Answer
The results are ambiguous. We can conclude that $µ_2\ne µ_3$, but we could not conclude that $µ_1\ne µ_2$ or $µ_1\ne µ_3$. There is at least one Type II error (when we do not reject $H_0$ when we should have rejected).
Work Step by Step
$q_{α,ν,k}=q_{0.05,12,3}=3.773$
(According to table IX, for $ν=12$, $k=3$ and α = 0.05)
$H_0:~µ_1=µ_2$ versus $H_1:~µ_1\ne µ_2$
$q_0=\frac{x ̅_1-x ̅_2}{\sqrt {\frac{s^2}{2}(\frac{1}{n_1}+\frac{1}{n_2})}}=\frac{9.5-9.1}{\sqrt {\frac{26.2}{2}(\frac{1}{5}+\frac{1}{5})}}=0.175$
Since $q_0\lt q_{α,ν,k}$, do not reject the null hypothesis.

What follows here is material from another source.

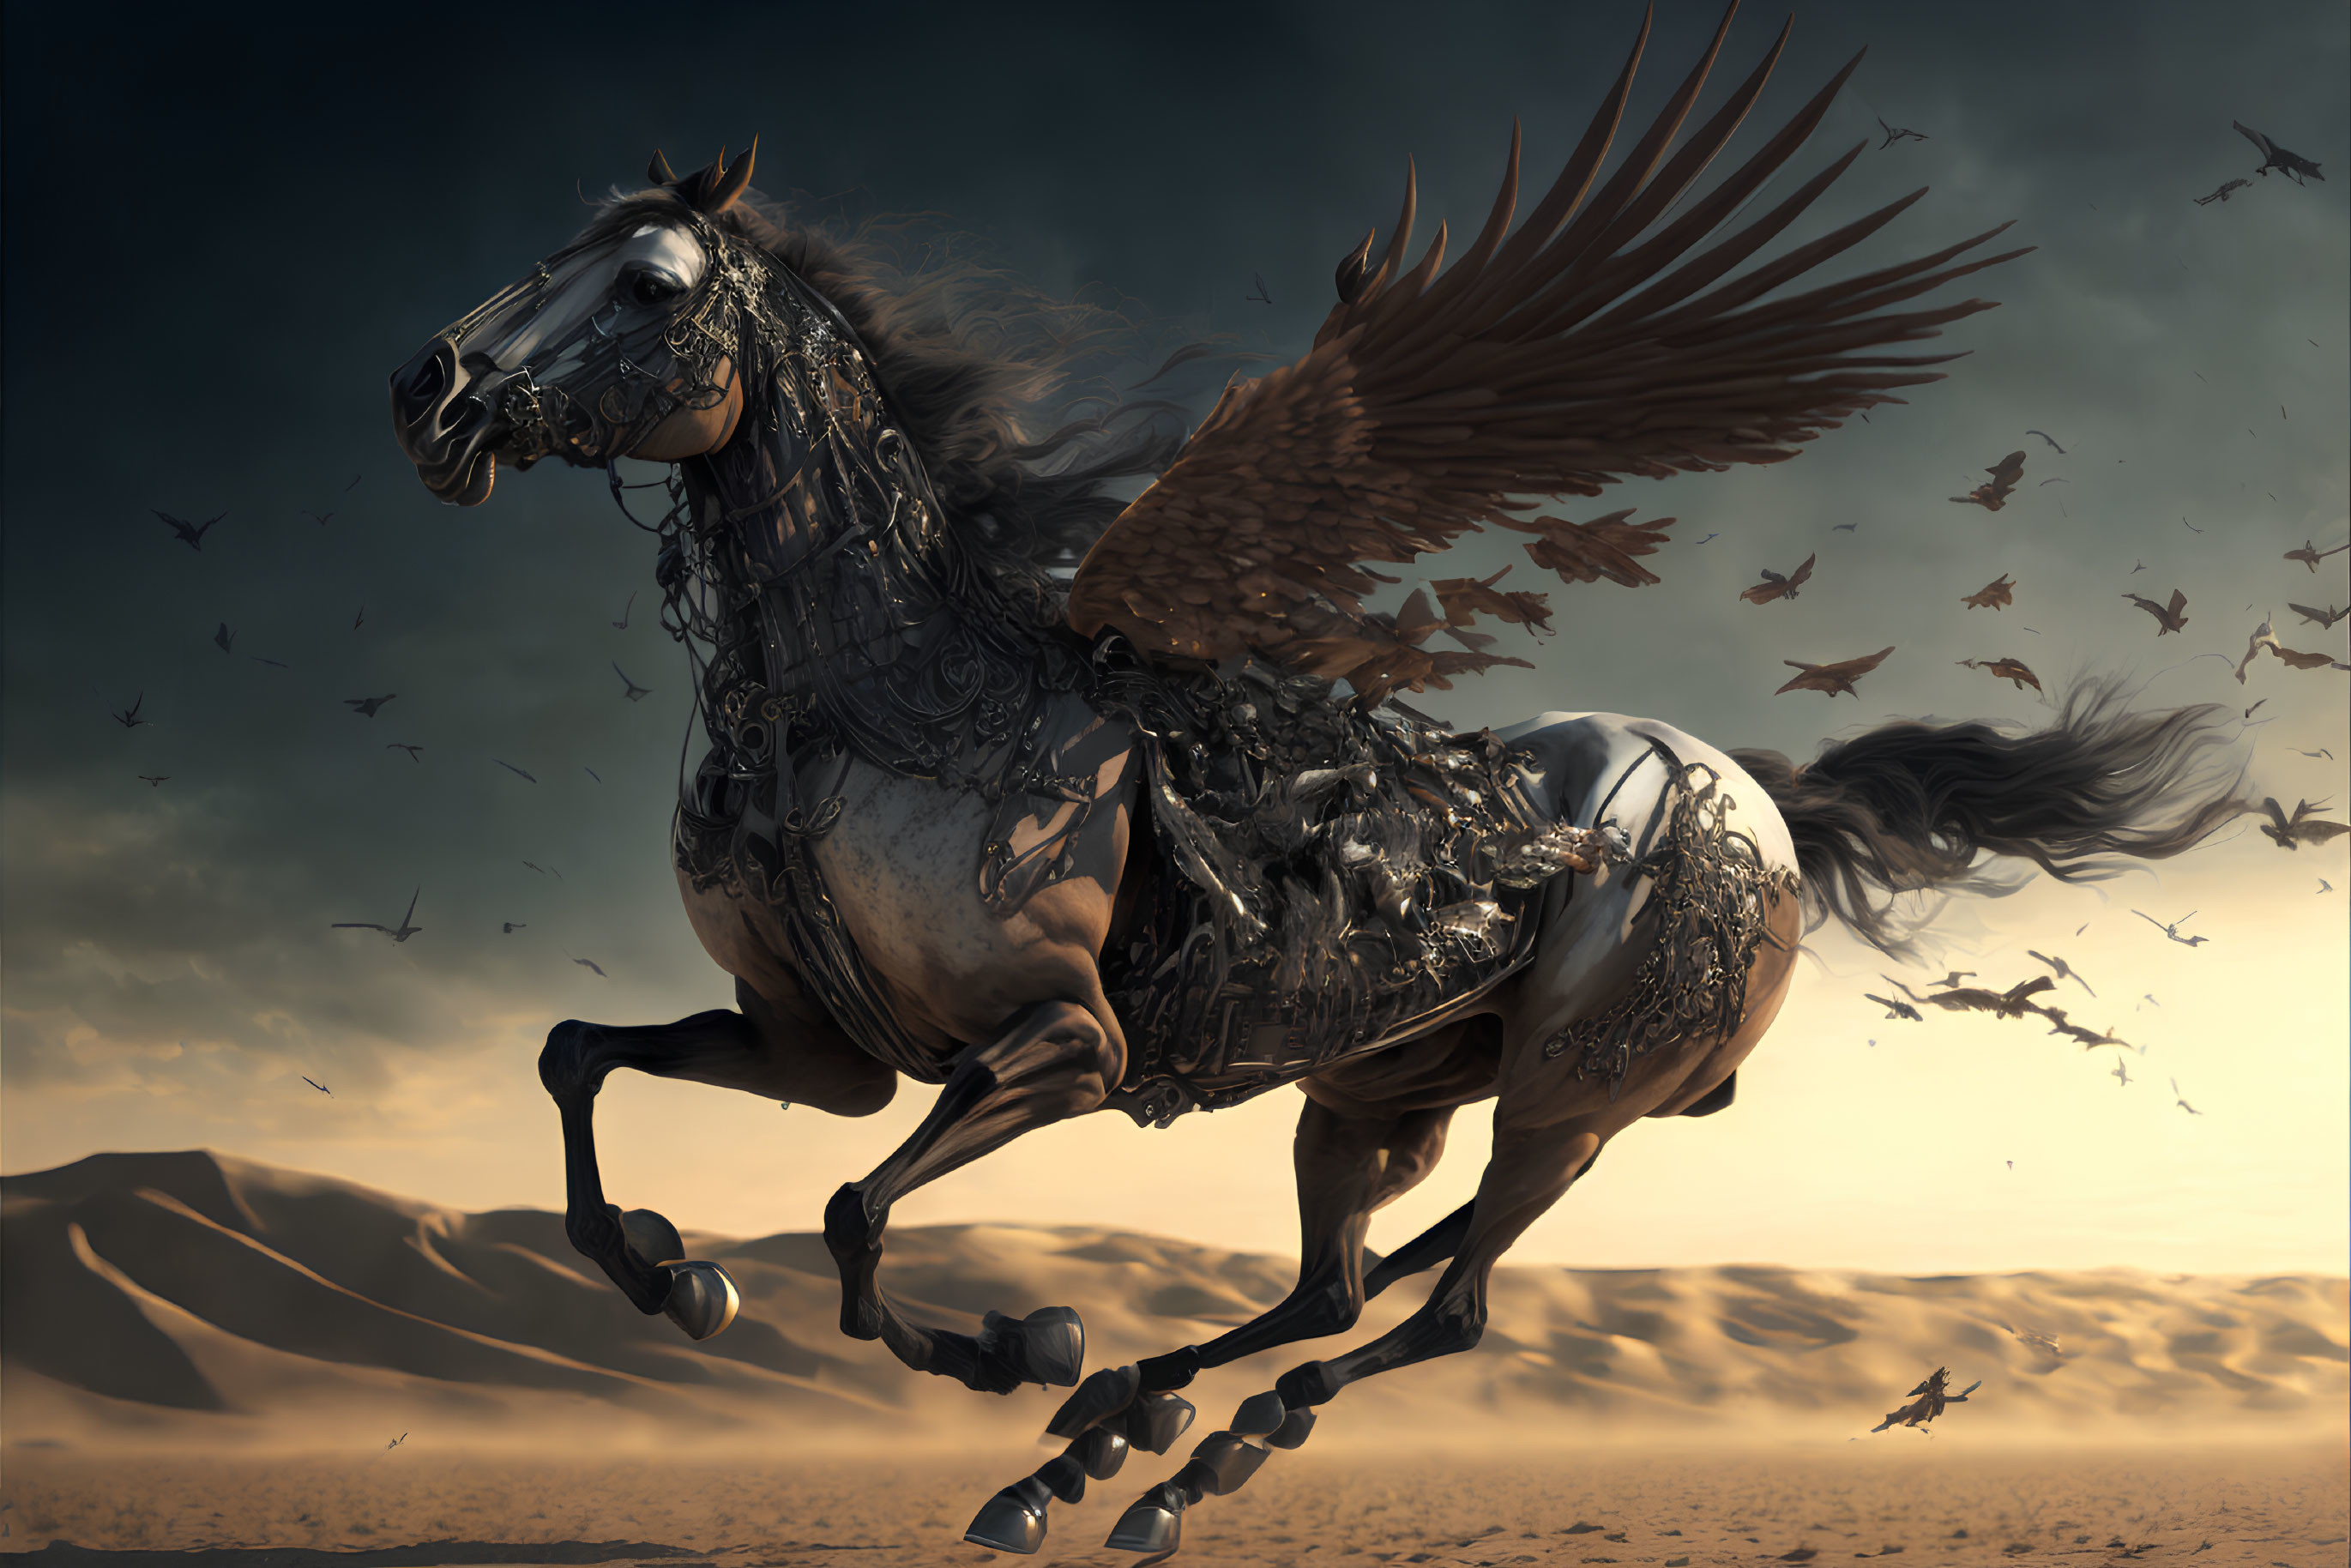 Mechanical winged horse in desert landscape with birds.
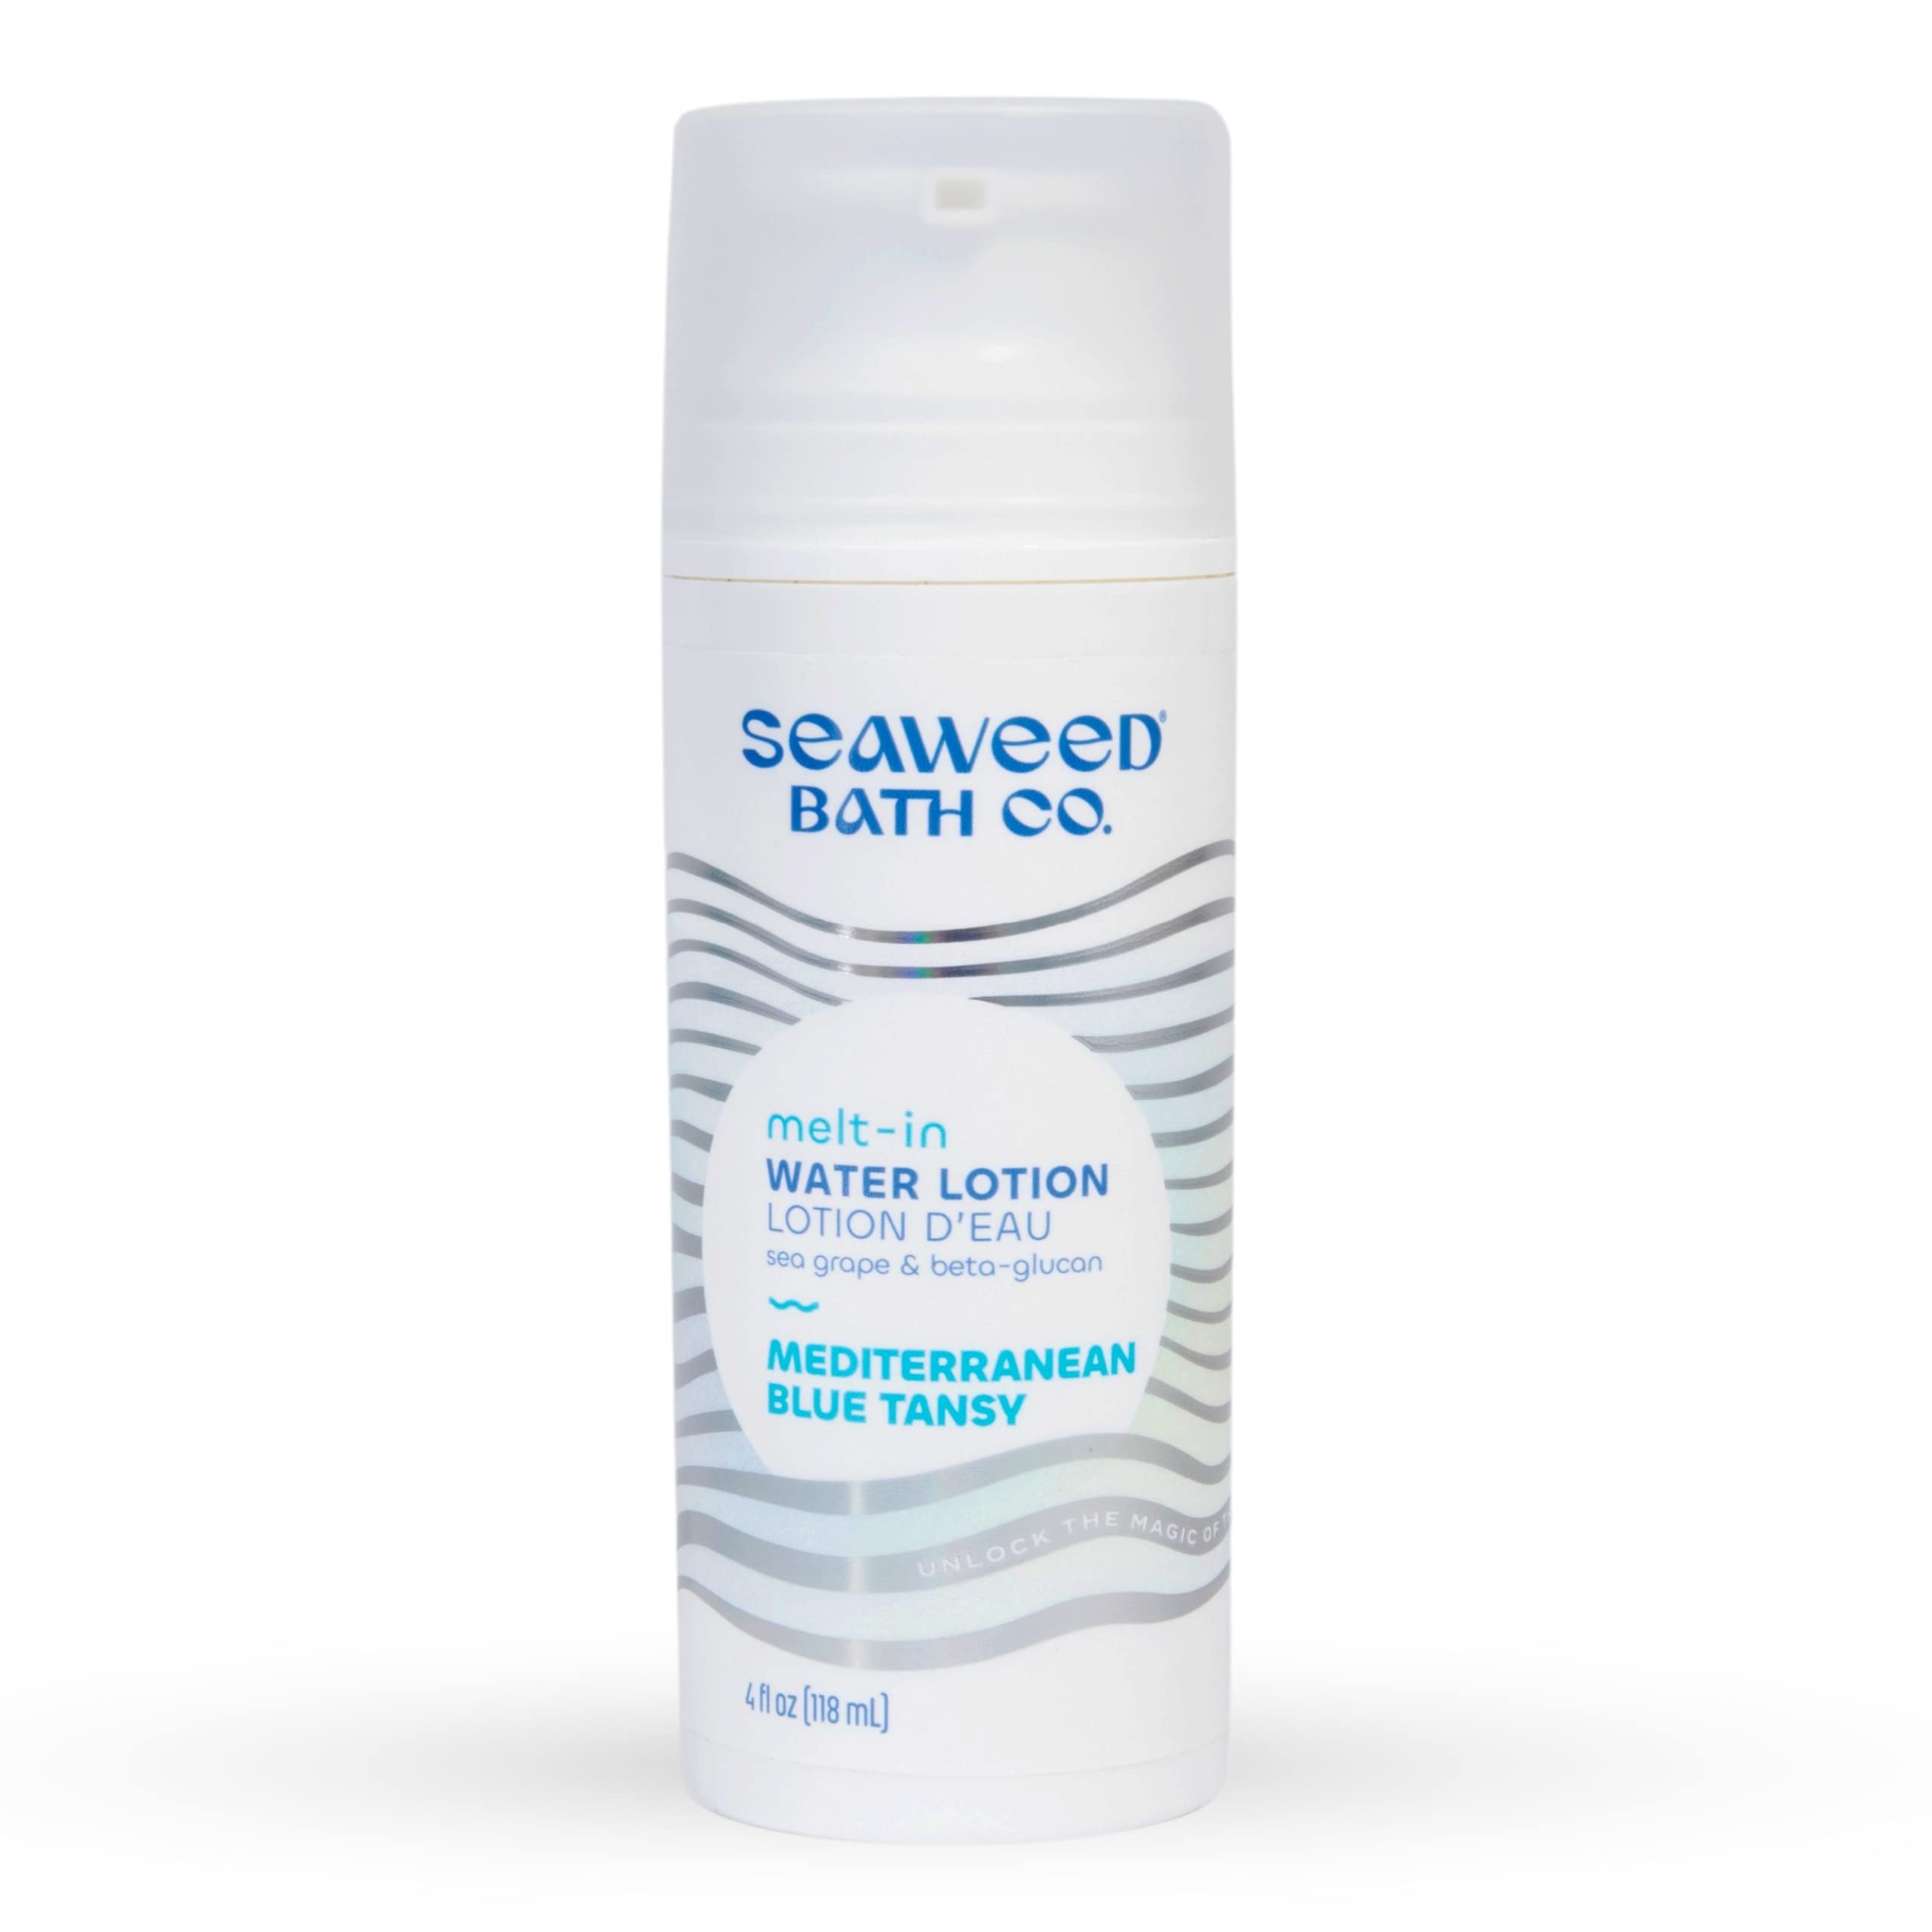 Seaweed Bath - Melt-in Water Lotion Mediterranean Blue Tansy Scent, 4 fl oz - Sustainably Harvested Seaweed, Sea Grape and Beta-Glucan - Nourishes, Hydrates, Support Skin Barrier Replenishes

$H_0:~µ_1=µ_3$ versus $H_1:~µ_1\ne µ_3$
$q_0=\frac{x ̅_3-x ̅_1}{\sqrt {\frac{s^2}{2}(\frac{1}{n_1}+\frac{1}{n_3})}}=\frac{18.1-9.5}{\sqrt {\frac{26.2}{2}(\frac{1}{5}+\frac{1}{5})}}=3.757$
Since $q_0\lt q_{α,ν,k}$, do not reject the null hypothesis.
$H_0:~µ_2=µ_3$ versus $H_1:~µ_2\ne µ_3$
$q_0=\frac{x ̅_3-x ̅_2}{\sqrt {\frac{s^2}{2}(\frac{1}{n_1}+\frac{1}{n_2})}}=\frac{18.1-9.1}{\sqrt {\frac{26.2}{2}(\frac{1}{5}+\frac{1}{5})}}=3.932$
Since $q_0\gt q_{α,ν,k}$, reject the null hypothesis.